ESG investing is back in the news. ESG investing evaluates a company’s or fund’s environmental, social and corporate governance performance when considering an investment in company stock or fund shares. Unlike years past, it is now conventional wisdom that companies and funds with strong ESG policies are good economic investments. Those with weak or non-existent policies are not as prudent investments because they present a greater risk of facing events or publicity that will lower their investment value. One would think the federal government would encourage such investing but this administration, siding with companies and funds that oppose ESG investing, does not.
On April 23, 2018, the United States Department of Labor issued a Field Assistance Bulletin (FAB) that backtracks on ESG investing by employee benefit plan managers by “clarifying” an Obama era Interpretive Bulletin (IB). The IB stated “… that plan fiduciaries should appropriately consider factors that potentially influence risk and return. Environmental, social and governance issues may have a direct relationship to the economic value of the plan’s investment. In these instances, such issues are not merely collateral consideration … but are proper components of the fiduciary’s primary analysis of the economic merits of competing investment choices.” The IB, in effect, supported plan managers who believed that ESG considerations are part of economically targeted investing.
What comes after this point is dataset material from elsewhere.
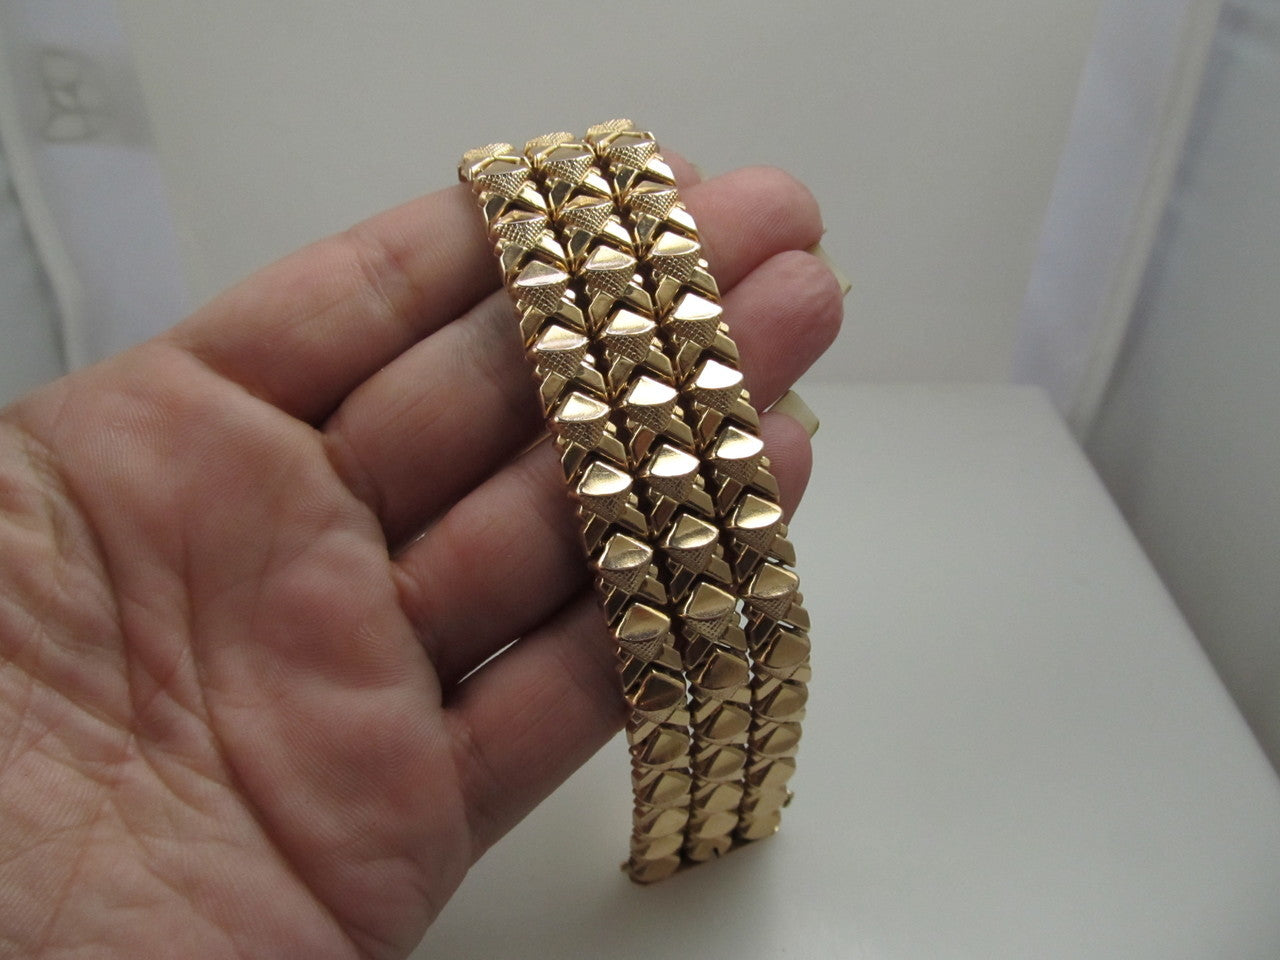 14k rose gold link bracelet, circa 1940

The current administration has taken a different and potentially chilling approach to ESG investing. “Fiduciaries must not too readily treat ESG factors as economically relevant to the particular investment choices at issue when making a decision. It does not ineluctable follow from the fact that an investment promotes ESG factors, or that it arguably promotes positive general market trends or industry growth, that the investment is a prudent choice for retirement or other investors.”
Fund managers who consider ESG factors may feel this FAB creates confusion instead of clarifying the government’s position. A fund manager must also consider how and when the government will second guess an ESG investment decision. These uncertainties likely will require additional documentation supporting the fund manager’s decision. Whether this FAB reduces ESG investing remains to be seen.